- [Exercise aim] Take the line containing "GXT 1250 poches extérieures" through the last line of the data and retype those lines exactly. Pictures do not belong in the copy.

- [Supplied material]

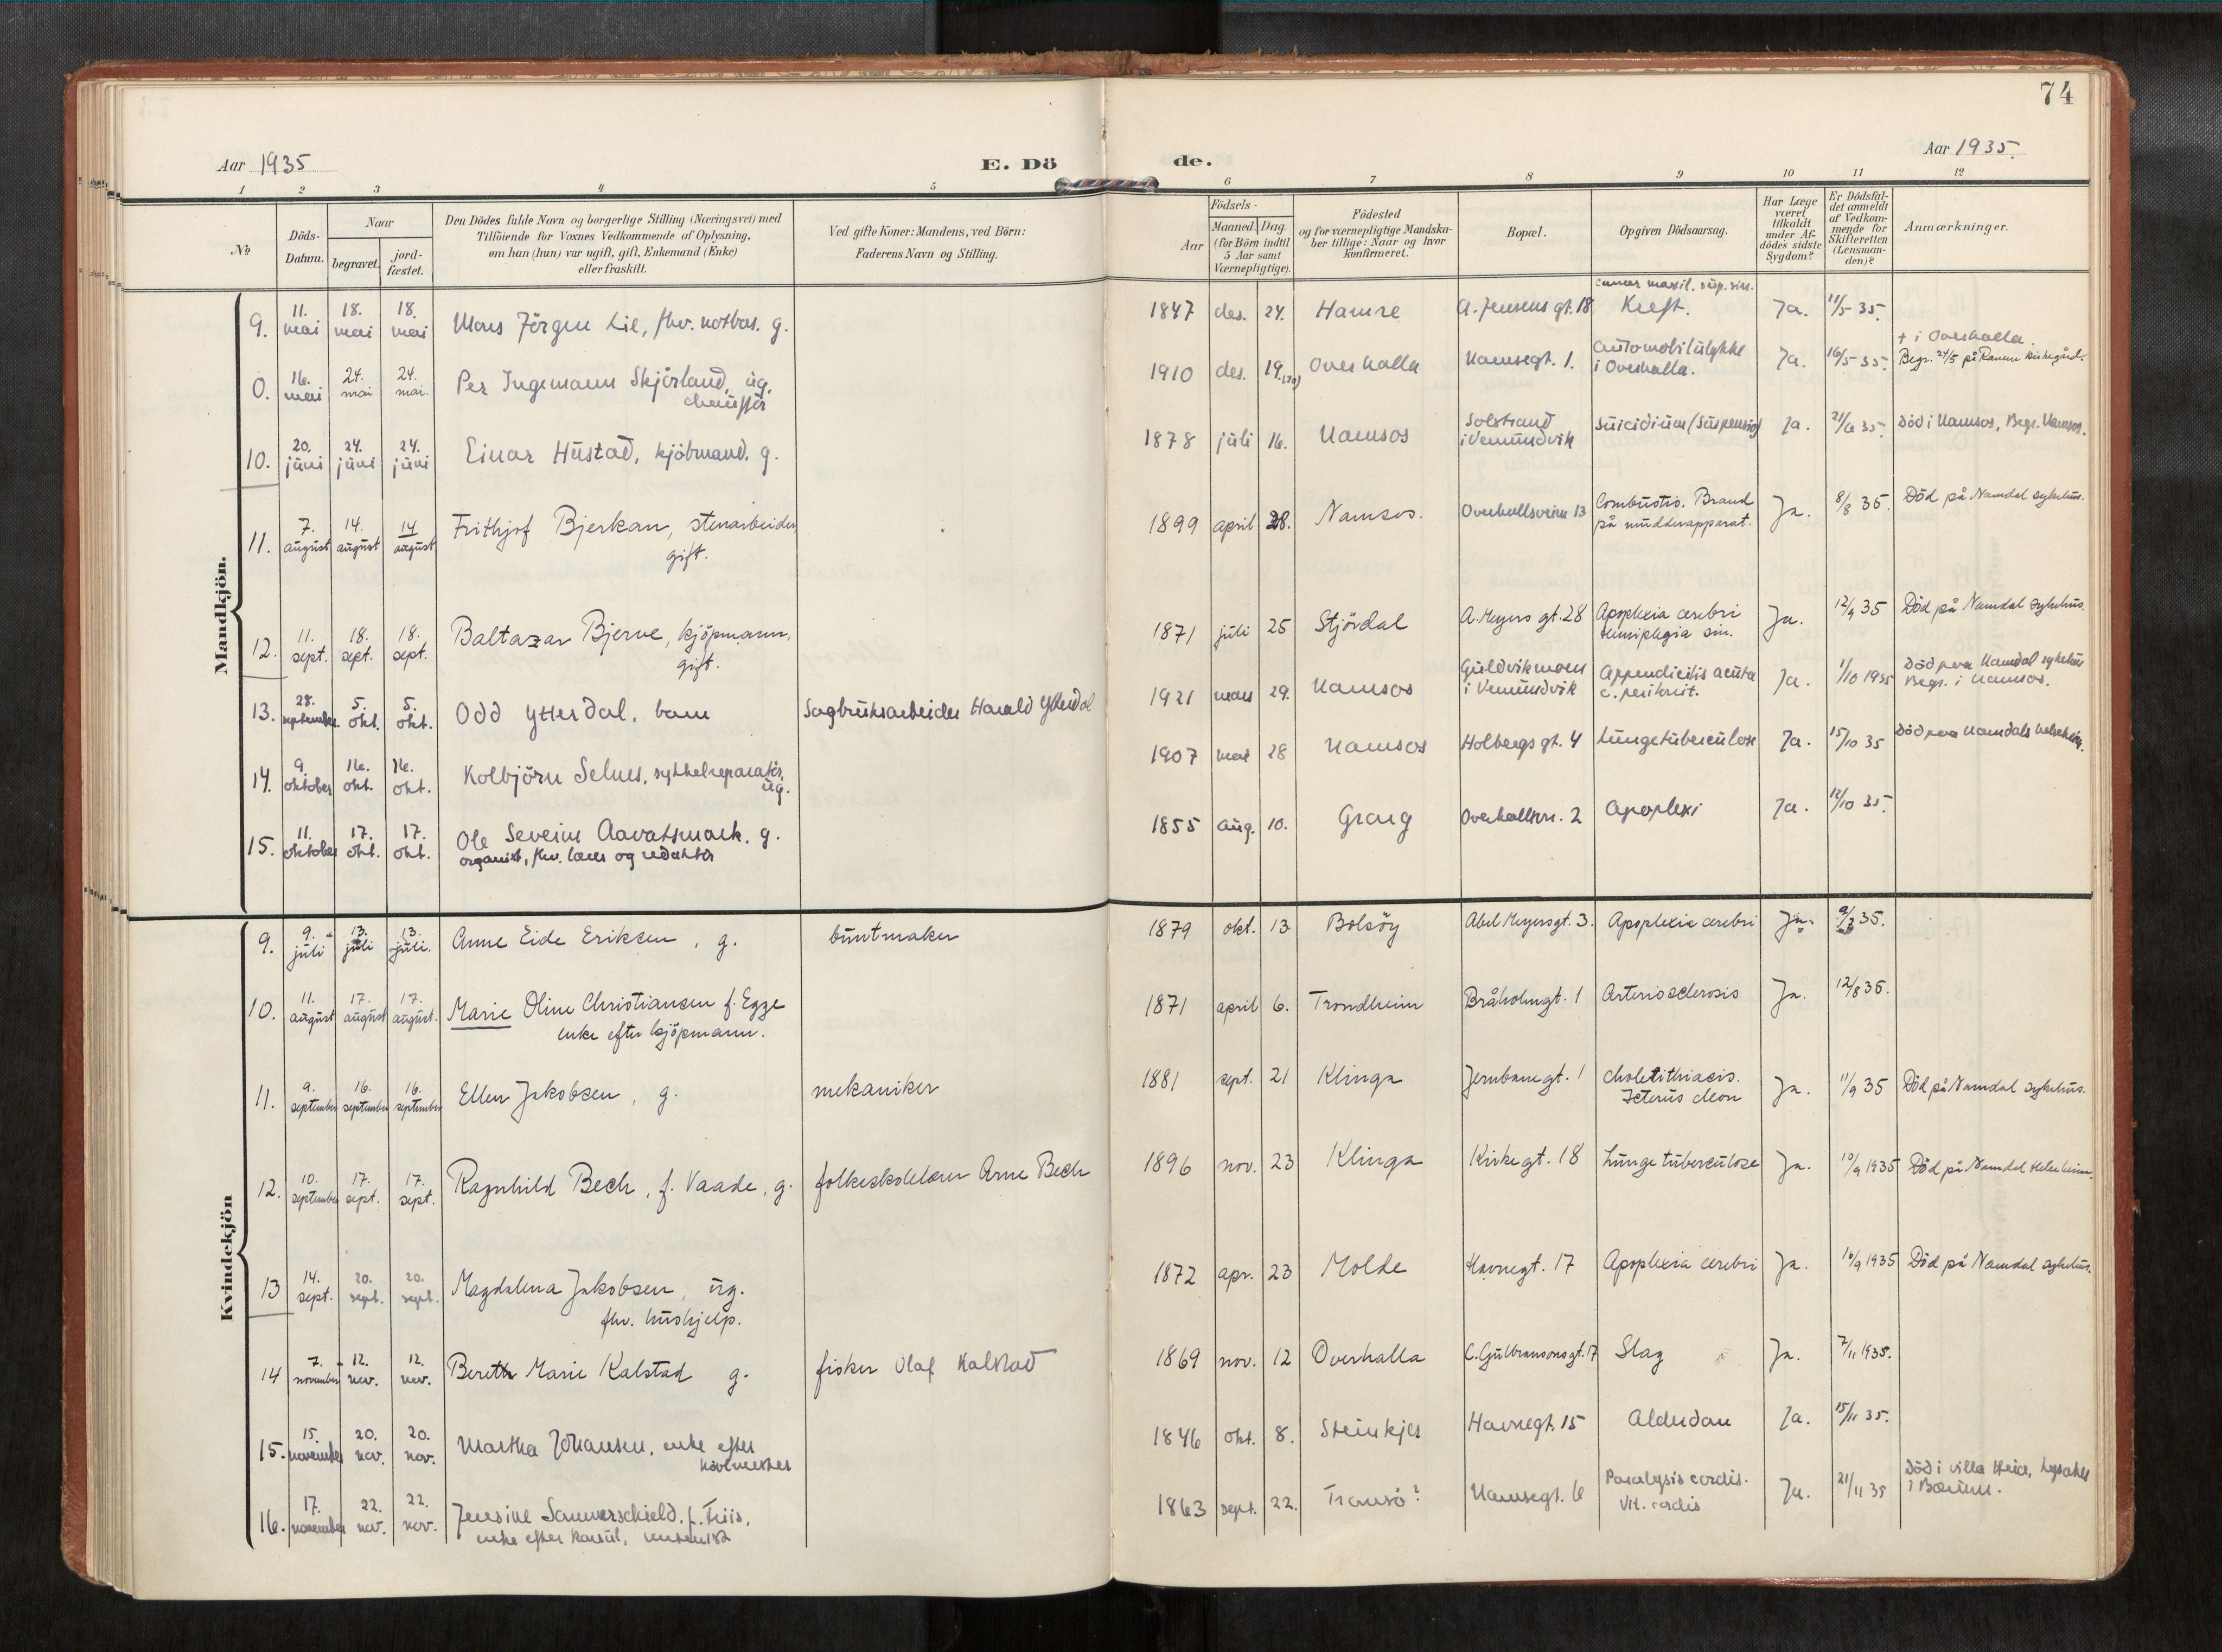 SAT, Ministerialprotokoller, klokkerbøker og fødselsregistre - Nord-Trøndelag, 768/L0579b: Ministerialbok nr. 768A15, 1908-1945, s. 74
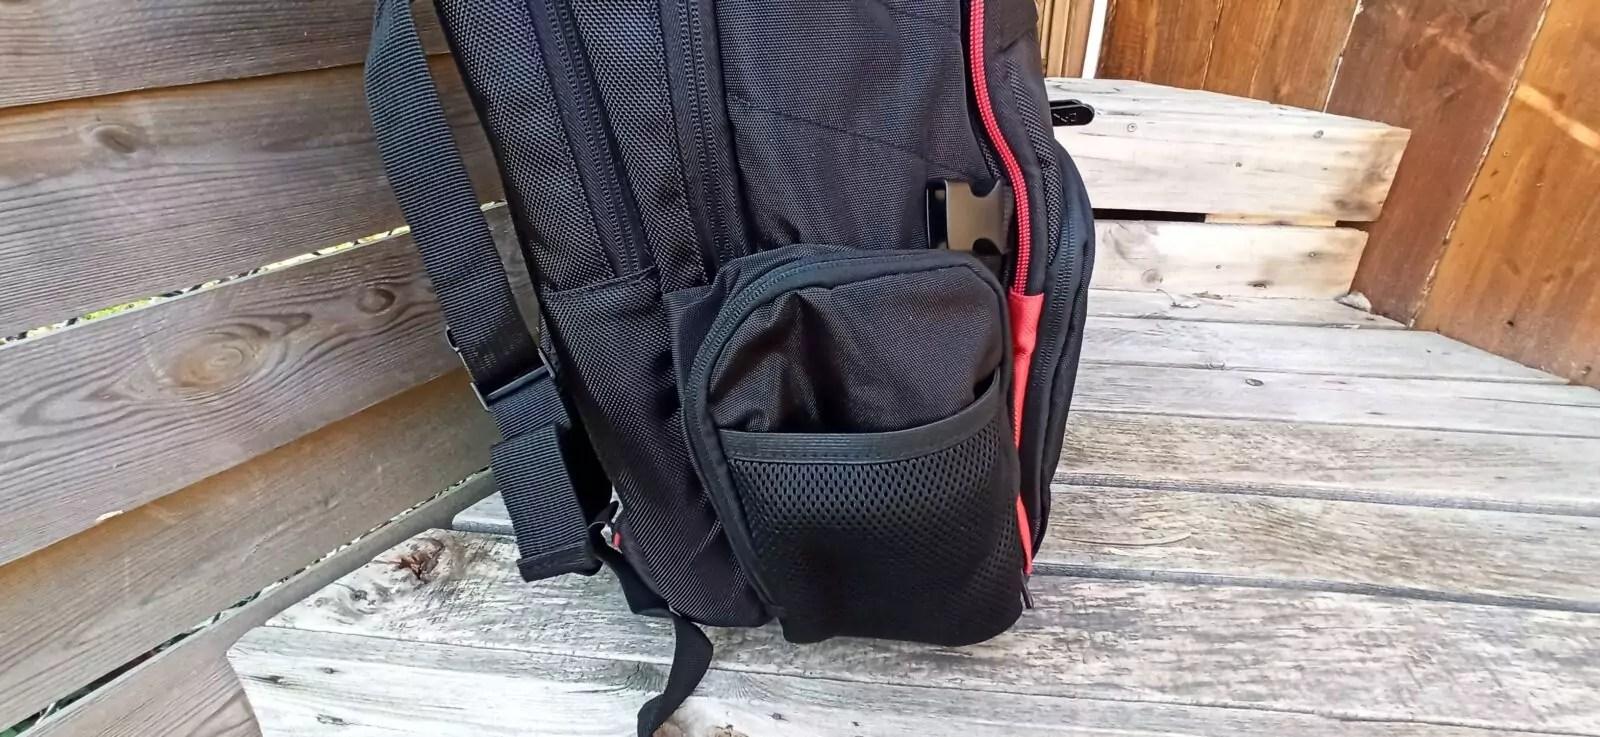 GXT 1250 poches extérieures
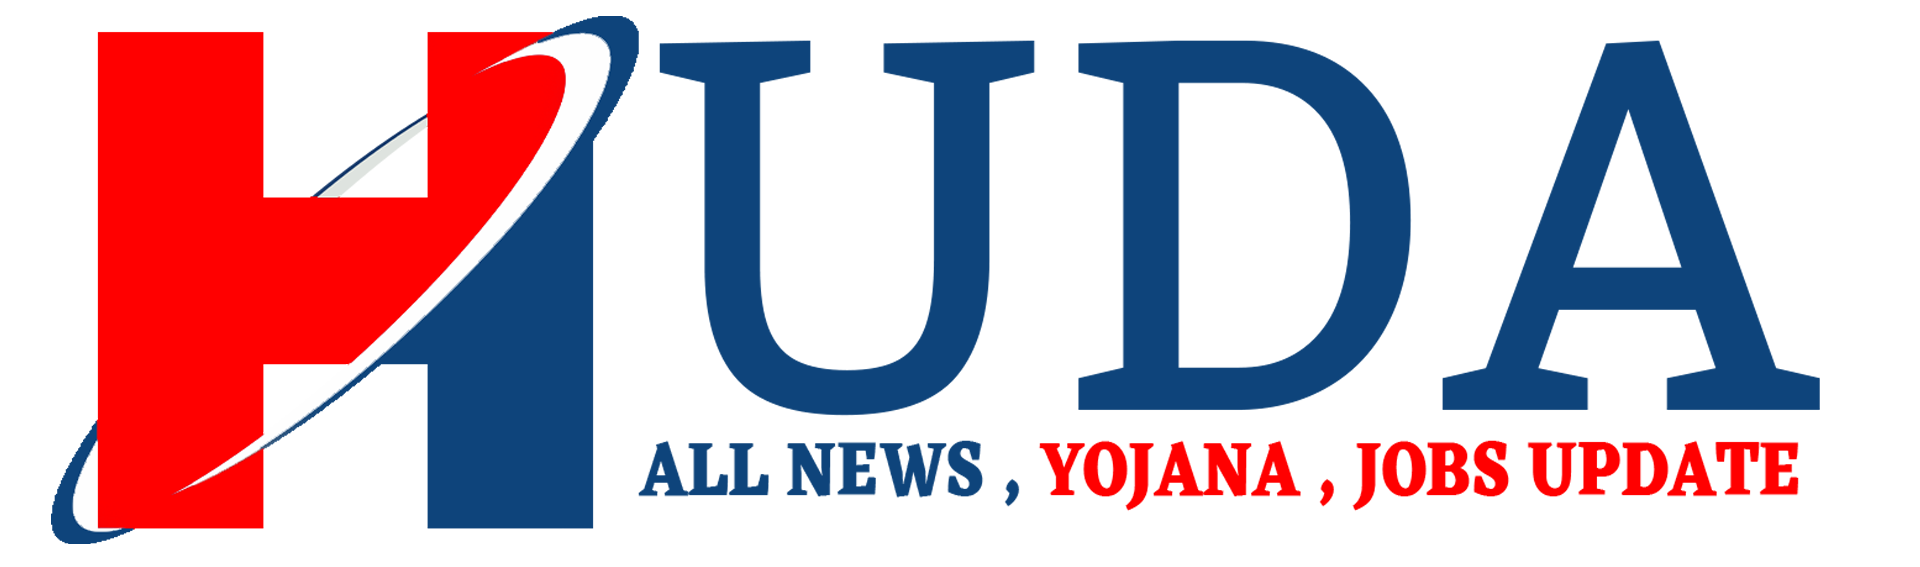 All News,Yojana Jobs Update

- [The answer]
 GXT 1250 poches extérieures
 All News,Yojana Jobs Update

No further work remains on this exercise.